#### [Working data]
• • • • •

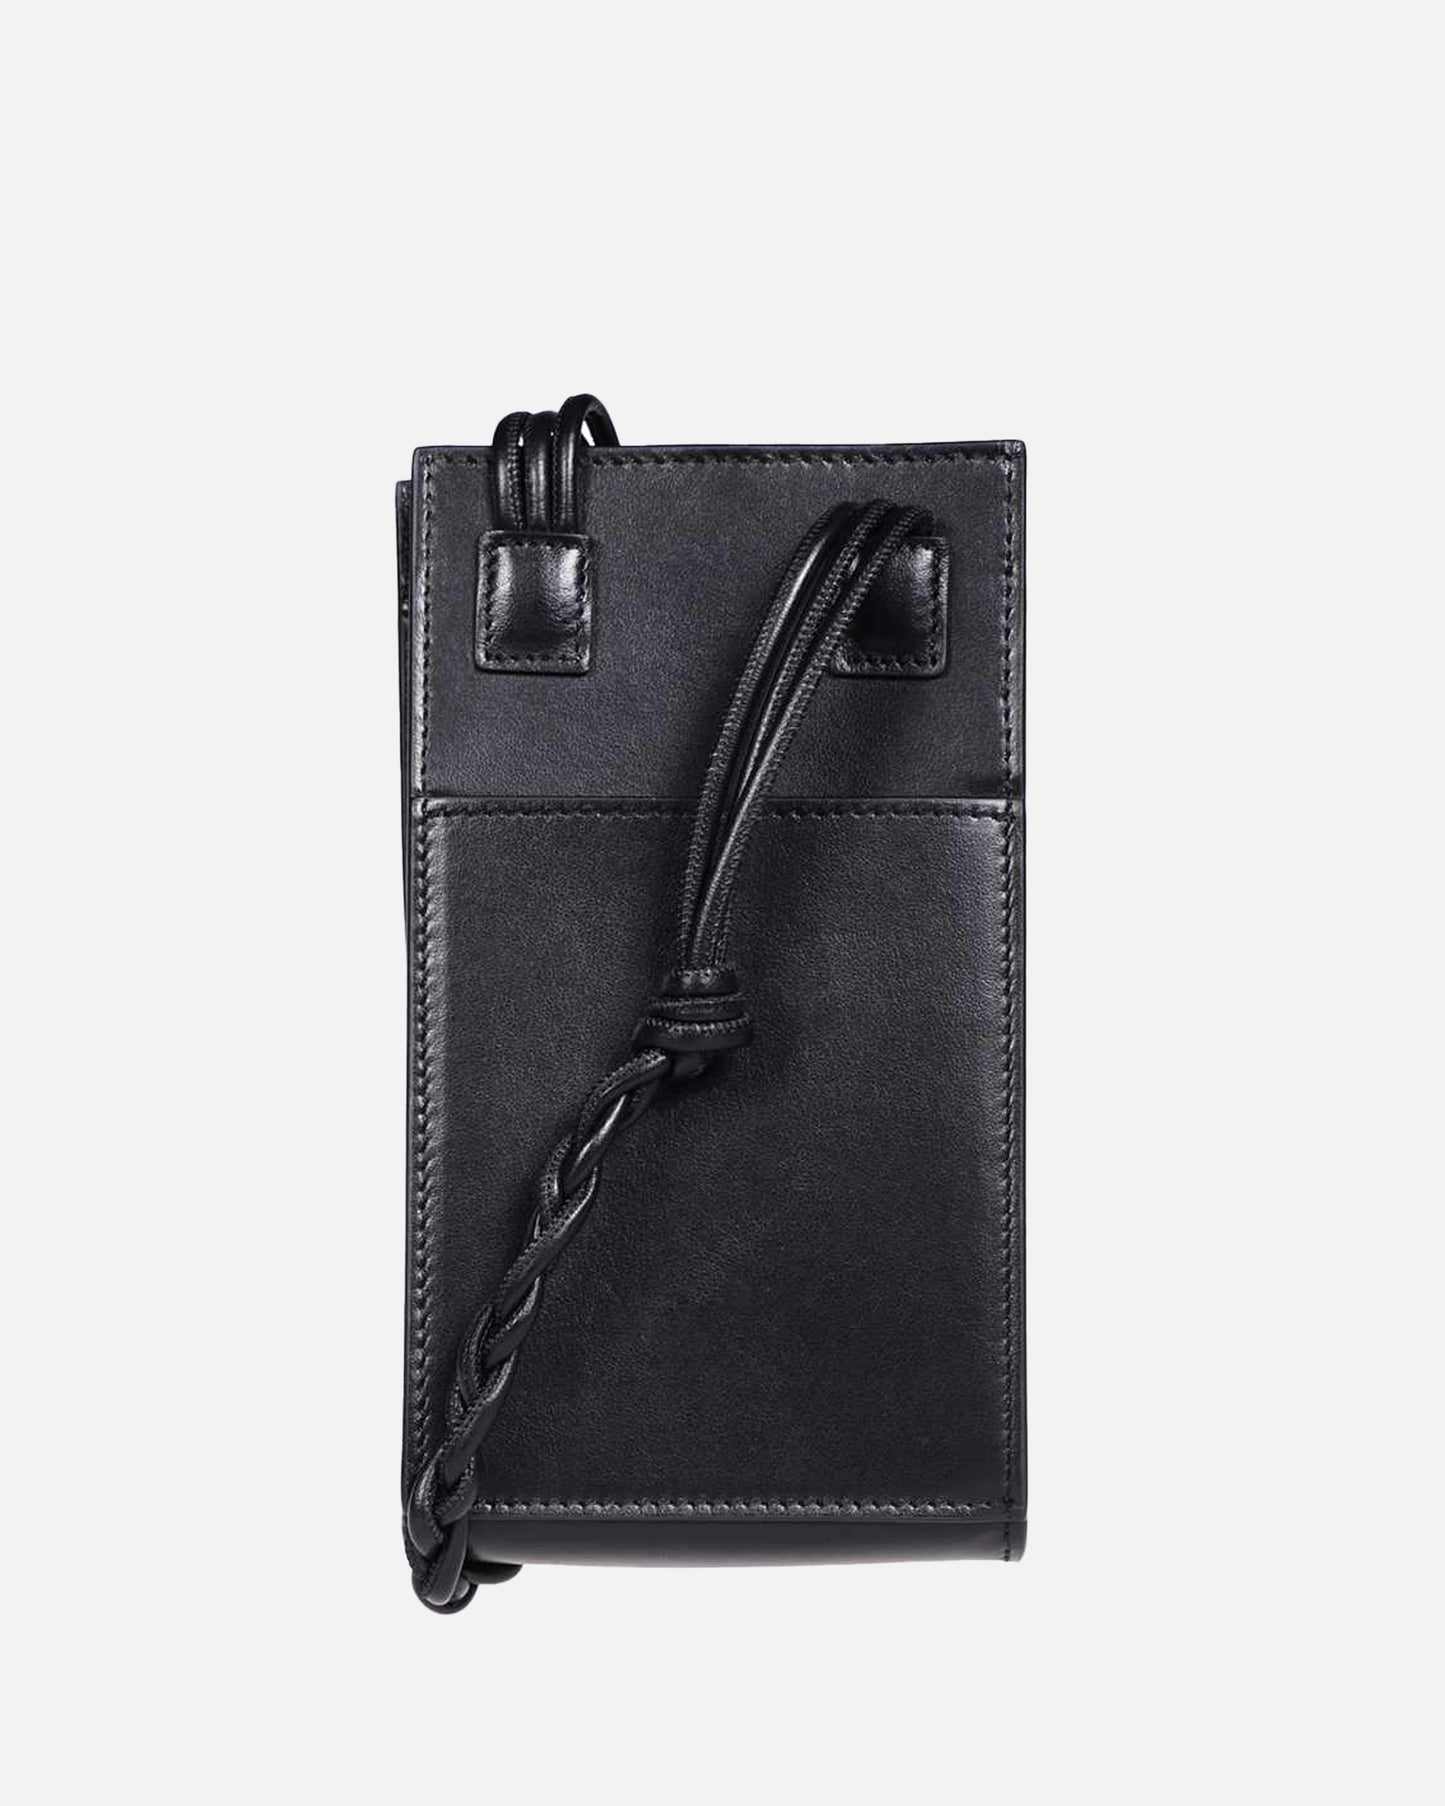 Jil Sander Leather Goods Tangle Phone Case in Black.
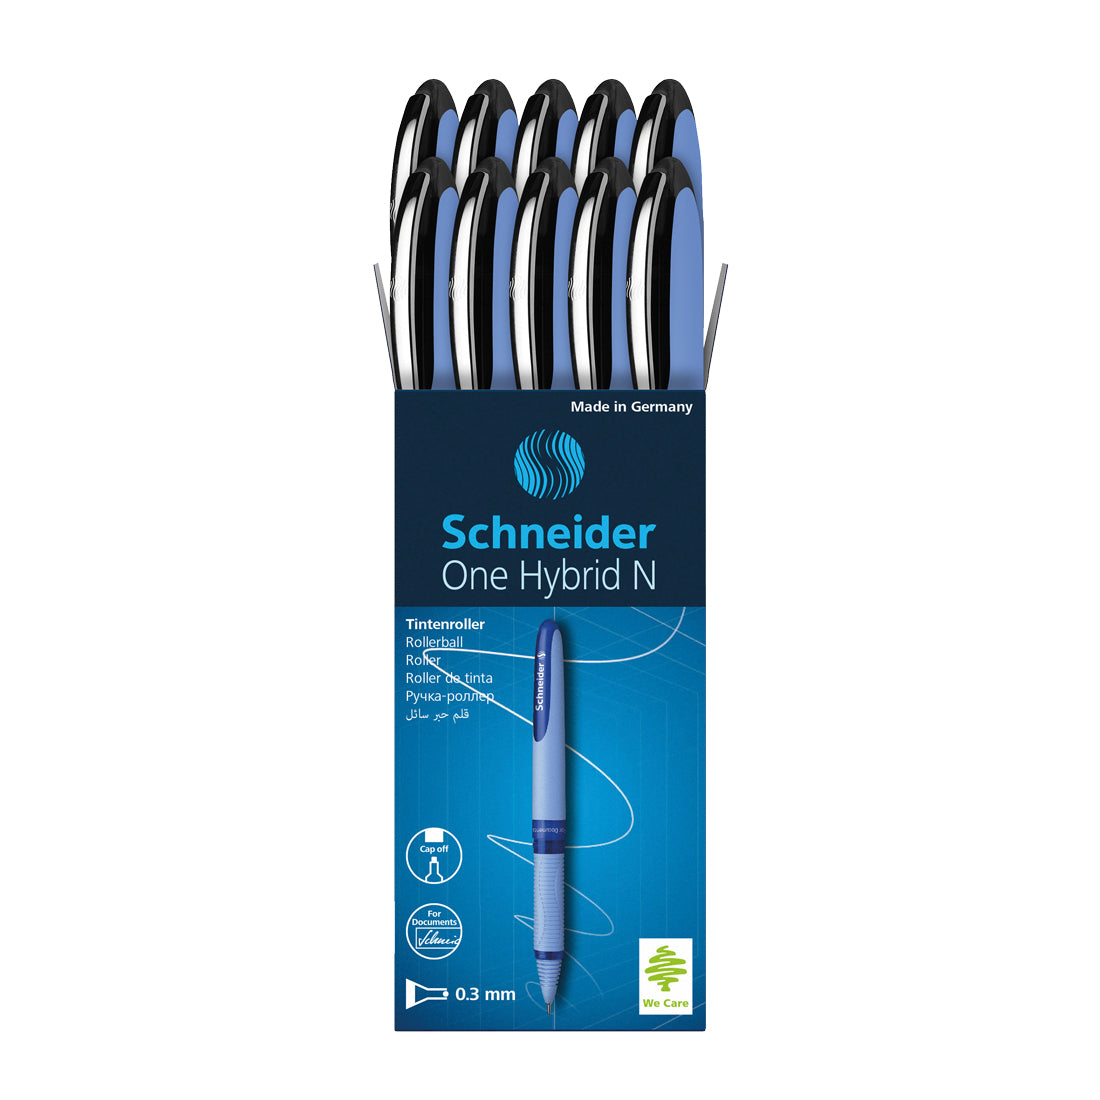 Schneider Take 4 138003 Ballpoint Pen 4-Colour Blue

• • • • •

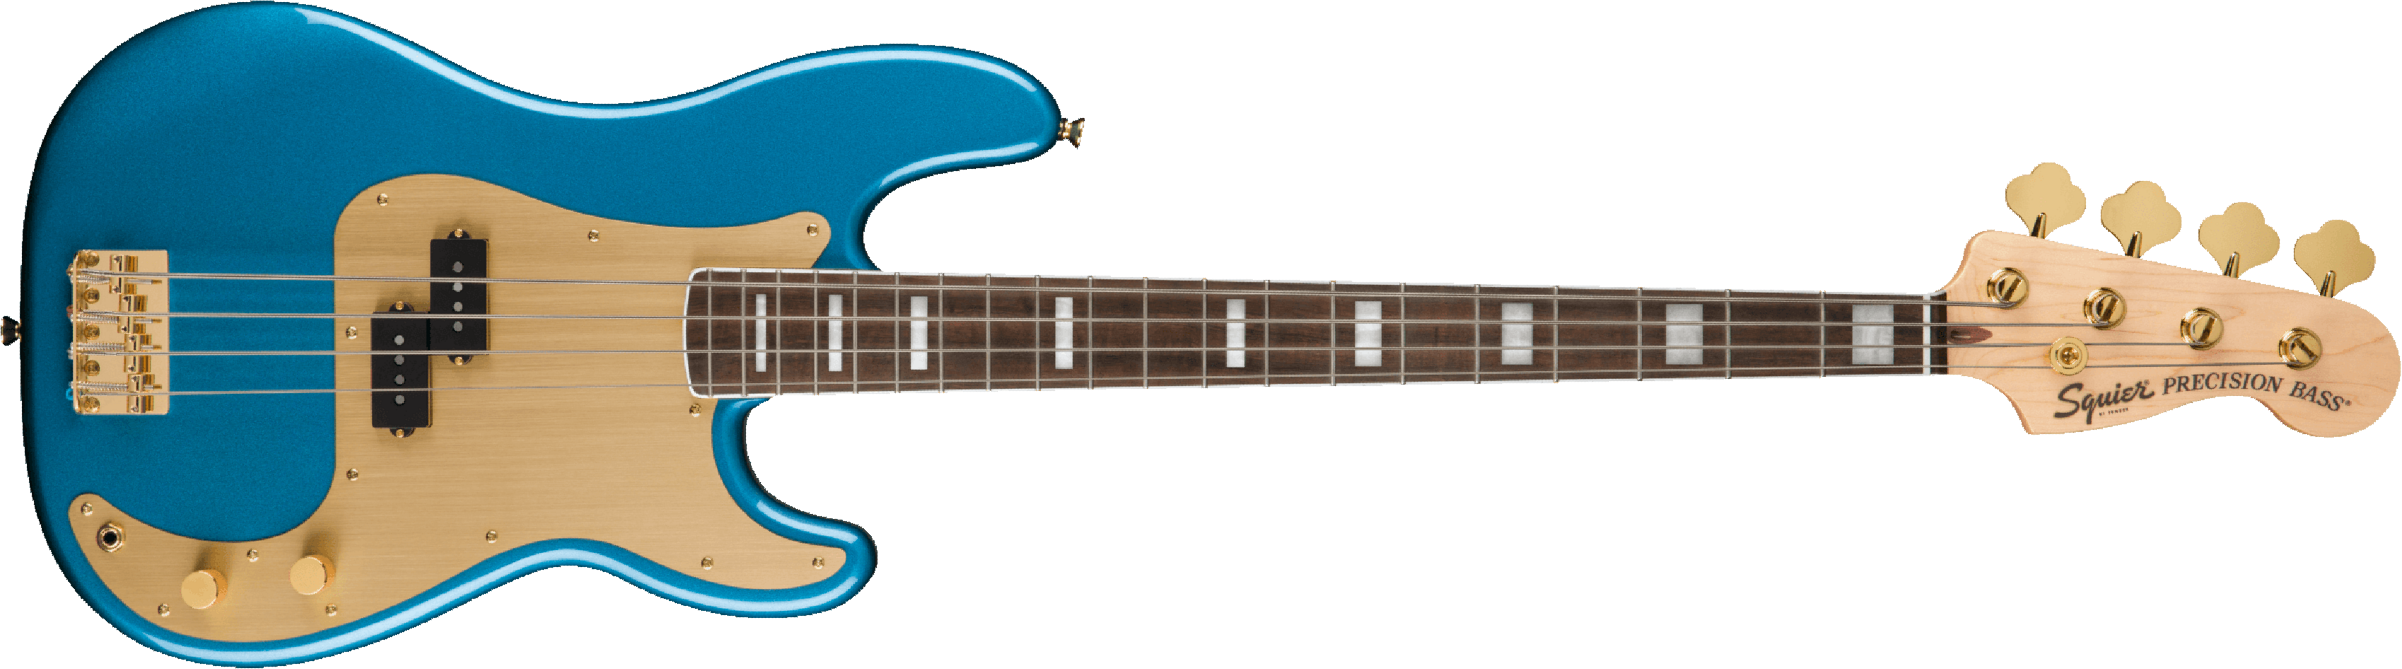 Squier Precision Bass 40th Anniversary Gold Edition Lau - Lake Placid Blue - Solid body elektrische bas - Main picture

• • • • •

#### [Assignment]
Going by the data above, give back only the lines from the one containing "Jil Sander Leather" through the one containing "Schneider Take 4", exactly as they stand, both ends included and no images.

#### [Result of this exercise]
 Jil Sander Leather Goods Tangle Phone Case in Black.
 Schneider Take 4 138003 Ballpoint Pen 4-Colour Blue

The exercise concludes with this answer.